1962年よりジョリー家が単独所有していますが、フランスのワイン批評界で最も権威ある2006年版ル・クラスマンでは★★★の最高評価(フランス全土でも39ワイナリーのみ)を受け、その名声を高めています。ロマネ・コンティやシャトー・グリエと共に、生産者名がそのままAOC名で、なおかつ単独所有という数少ない生産者のひとつ。
詰まっているモノが違いますので若飲みすると今ひとつ理解しにくいですが熟成したクーレ・ド・セランの古酒は本当に偉大な白ワインです。とんでもなく複雑で濃密。オークに由来する濃さがあるわけではないのですが静かながら、ぐんぐんと果実の凄みが出てくるとでも申しましょうか・・・。
「永遠に熟成しつづける」と言われるのを物語るように、若いヴィンテージのワインなどは抜栓1週間は味わいがへたれません。

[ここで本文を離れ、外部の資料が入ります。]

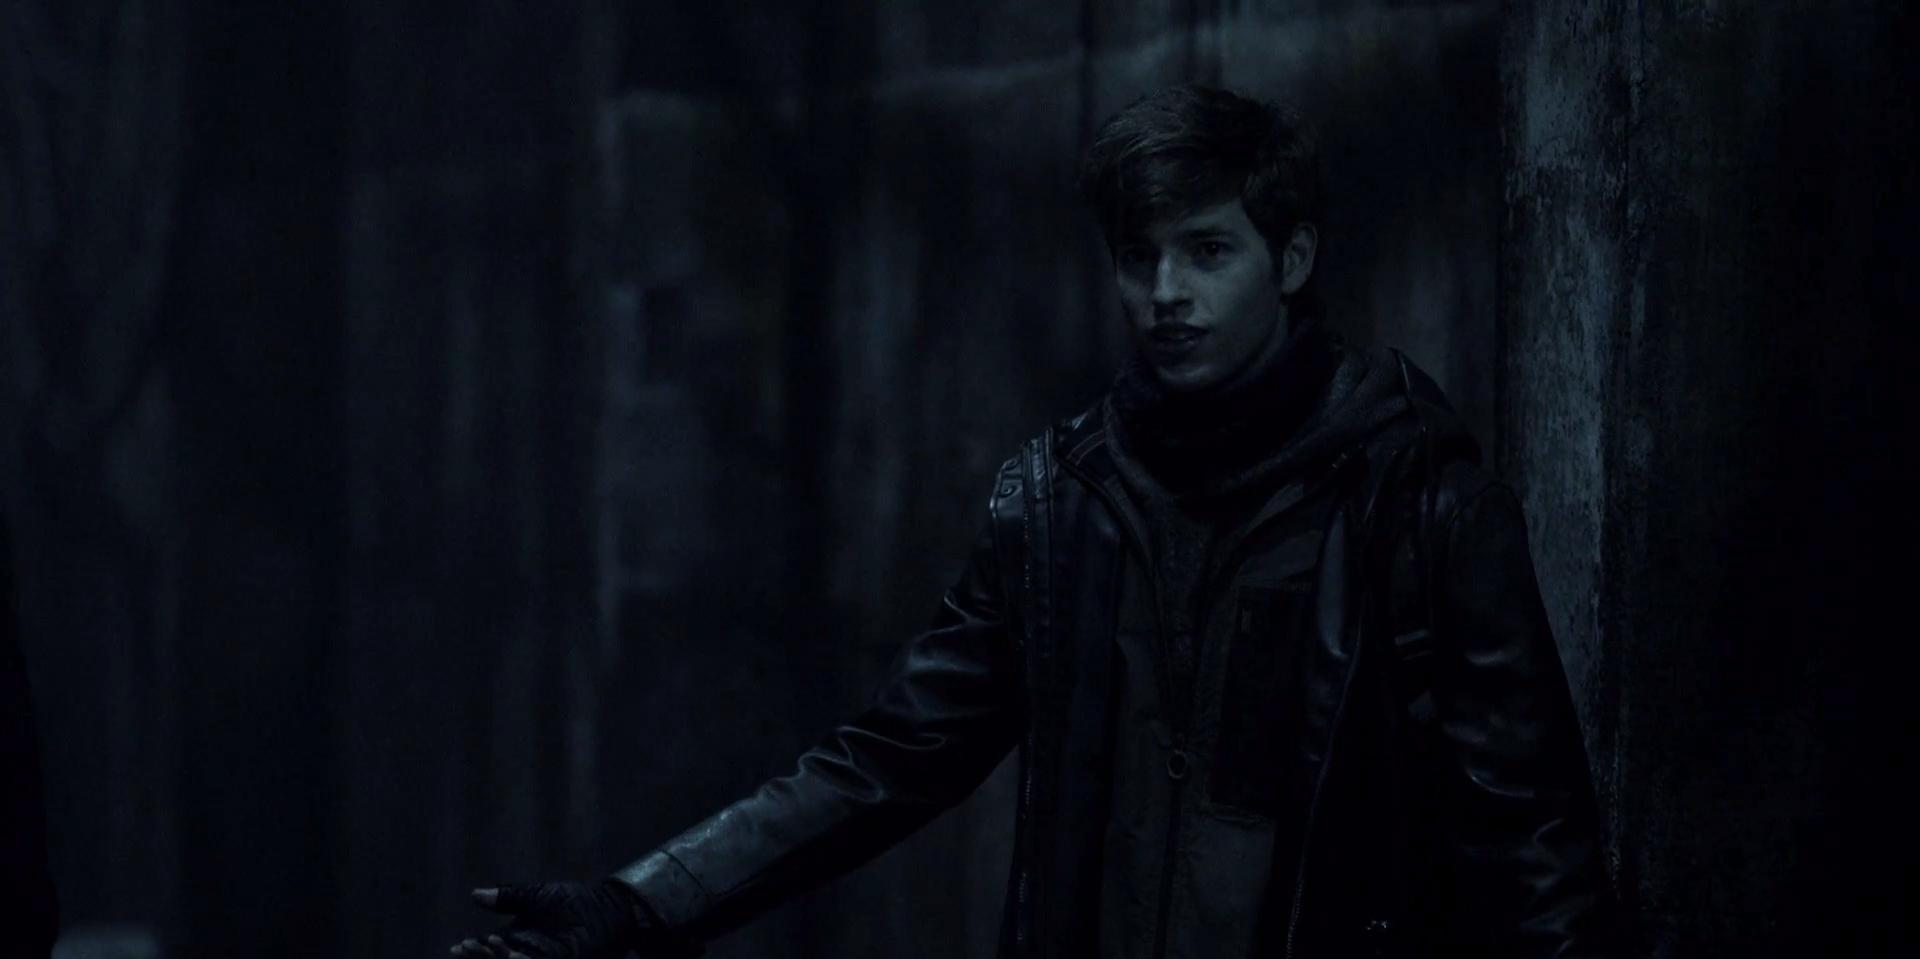 """Gage no episódio """"Acheron: Part I"""" da 11ª temporada de The Walking Dead"""

クレ・ド・セランはシトー派修道僧により12世紀に植えられた由緒ある畑で、以来800年以上もの間ブドウ栽培が行われています。1962年からジョリー家が所有し、1976年に現当主であるニコラ・ジョリー氏が運営に参加。ジョリー氏は「美味しいワインである前に、その土地固有の繊細さを表現した本物のわいんでなくてはならない」と、1980年から部分的にビオディナミを導入し、1984年からすべての畑でビオディナミを行っています。
2001年、ジョリー氏はビオディナミの団体「Return to Terroir」を創立、12カ国、約150生産者がこの団体に所属しています。また、彼はこの団体を通し、世界中で講演し、原点へ回帰を提唱しています。

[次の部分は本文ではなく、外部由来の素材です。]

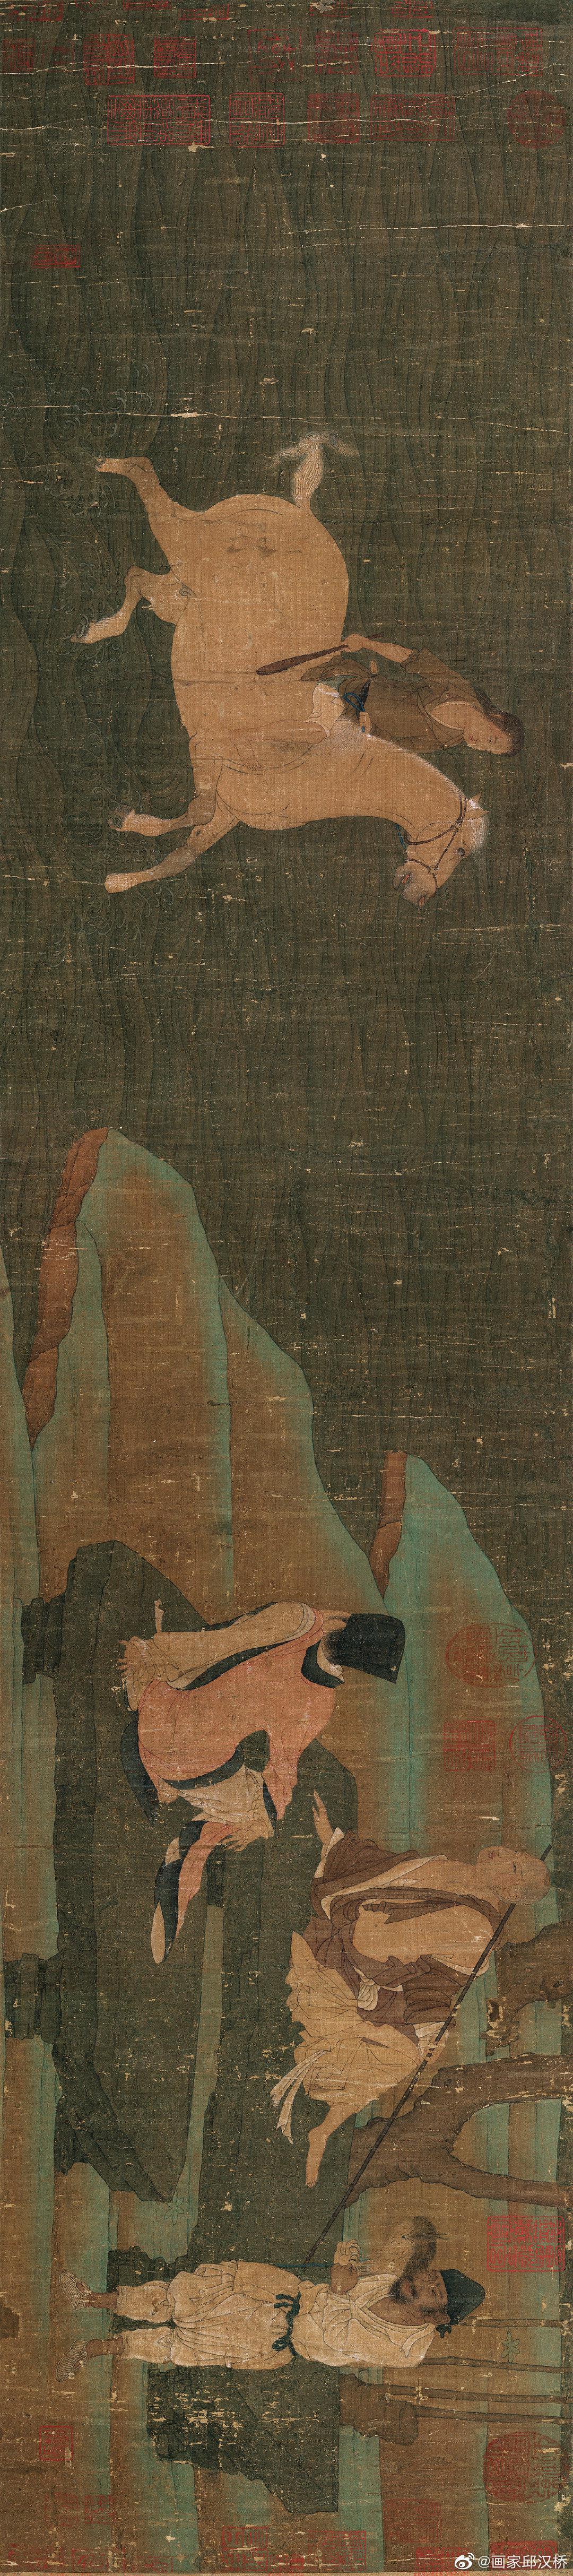 《神骏图》,唐代,韩干,绢本设色,纵27.5厘米、横122厘米……

クレ・ド・セラン、クロ・ド・ラ・ベルジュリ、ヴュー・クロに畑を所有。1984年からすべての畑でビオディナミが行われています。ドメーヌでは牛や羊などを飼い、イラクサを始め多くのハーブを育てています。ハーブなどからビオディナミに必要なプレパラシオン(調合剤)を造り、家畜たちが畑の草を食べ、馬で耕作するなど、自然と動物と共にブドウ栽培を行っています。
自然酵母にて発酵、発酵時の温度はコントロールしません。また、デブルバージュ、コラージュは行わず、主に古樽で数ヶ月間熟成後、瓶詰め前にフィルター処理を極軽く行います。
当主のニコラ・ジョリーはとにかくパワフルで好奇心が旺盛な人だ。取材やセミナーは時間内で収まることが少ない。彼の好奇心がドンドン膨らみ、相手に伝えたいことが次々と湧き出て、話題があちらこちらへ飛んでいく。
彼のビオディナミのセミナーは一見難しく思える。現代に生きる私たちにとって、自然の法則を身体で実感する機会が減ってしまったことと、彼が少しでもビオディナミを知って欲しいと、幅広い多くの情報を伝えようとするからだろう。しかし1対1で話を聞くと、実はシンプルだ。化学的なものを使いバランスを崩してしまった自然のバランスを取り戻すこと。そしてその場所で育った植物や動物の力を借りて、バランスを高めてあげること。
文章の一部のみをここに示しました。